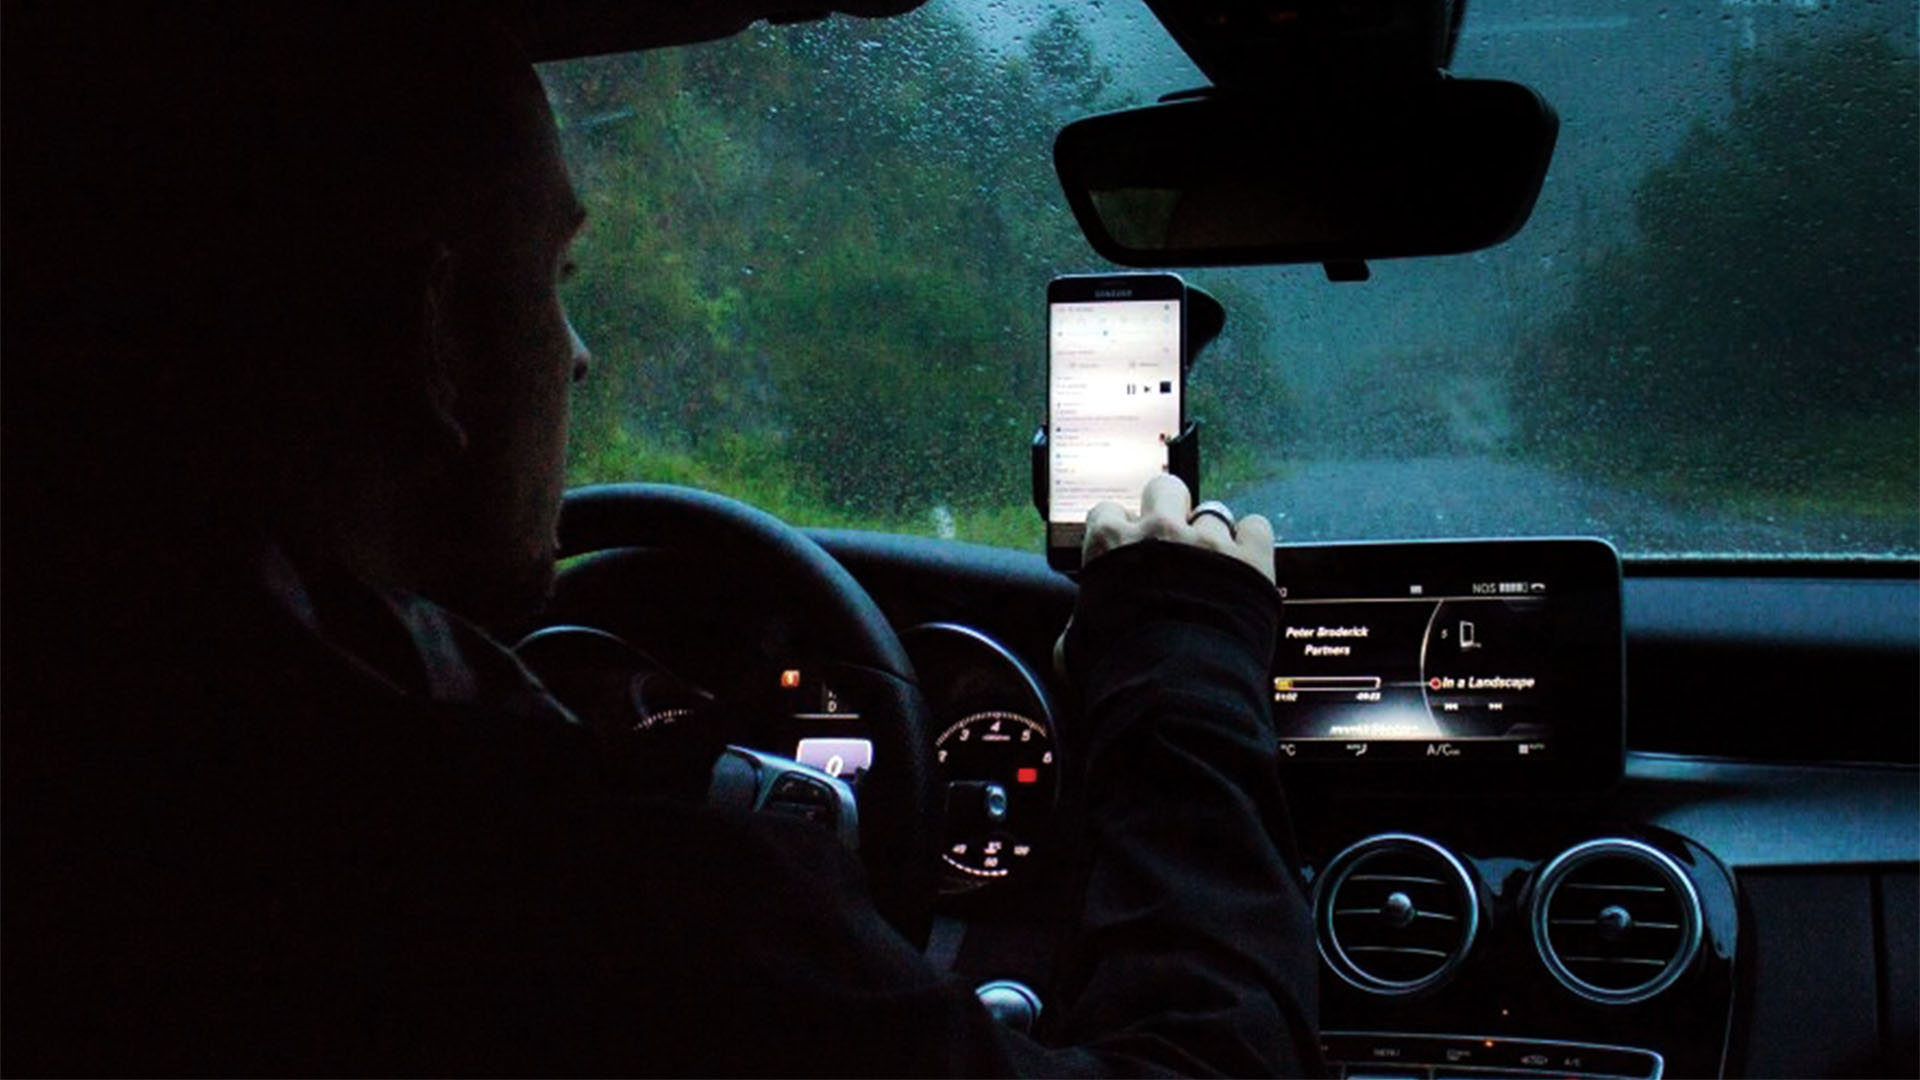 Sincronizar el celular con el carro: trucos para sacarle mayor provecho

######

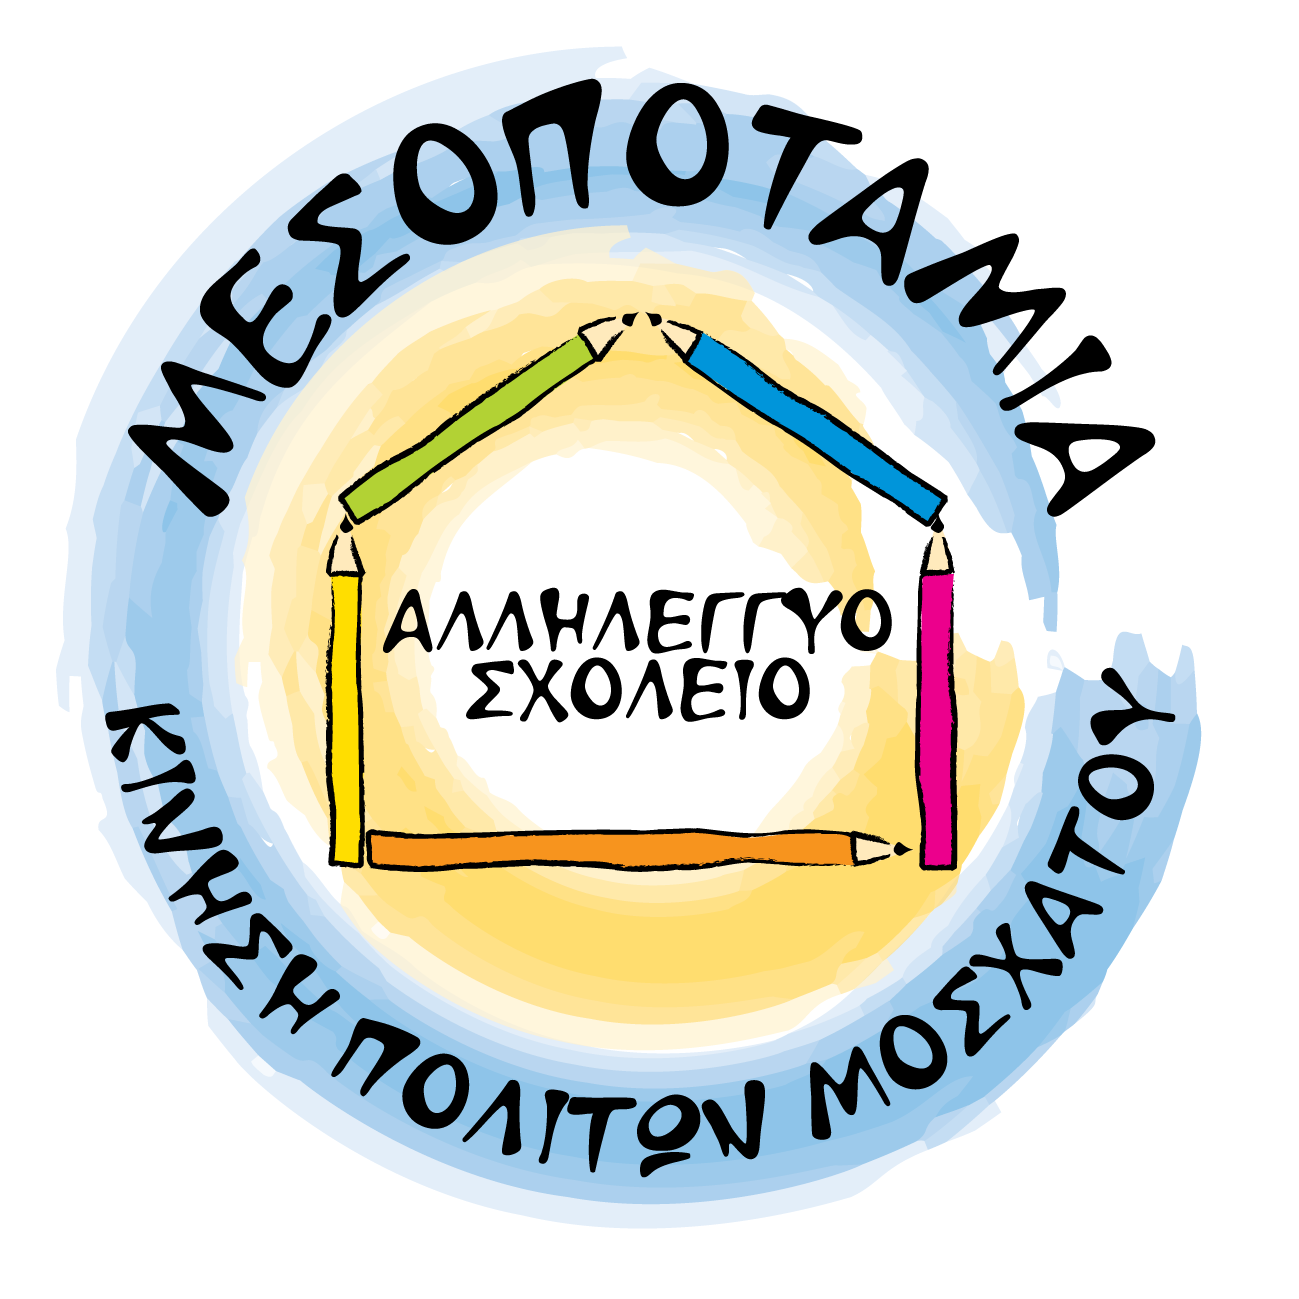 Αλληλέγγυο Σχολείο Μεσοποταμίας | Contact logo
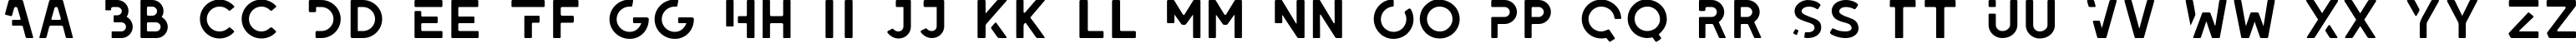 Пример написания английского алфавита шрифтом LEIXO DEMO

######

-- Task to carry out --
Restate the lines above from the one containing "Αλληλέγγυο Σχολείο Μεσοποταμίας" through the one containing "Пример написания английского", inclusive, exactly and without pictures.

-- Task result --
 Αλληλέγγυο Σχολείο Μεσοποταμίας | Contact logo
 Пример написания английского алфавита шрифтом LEIXO DEMO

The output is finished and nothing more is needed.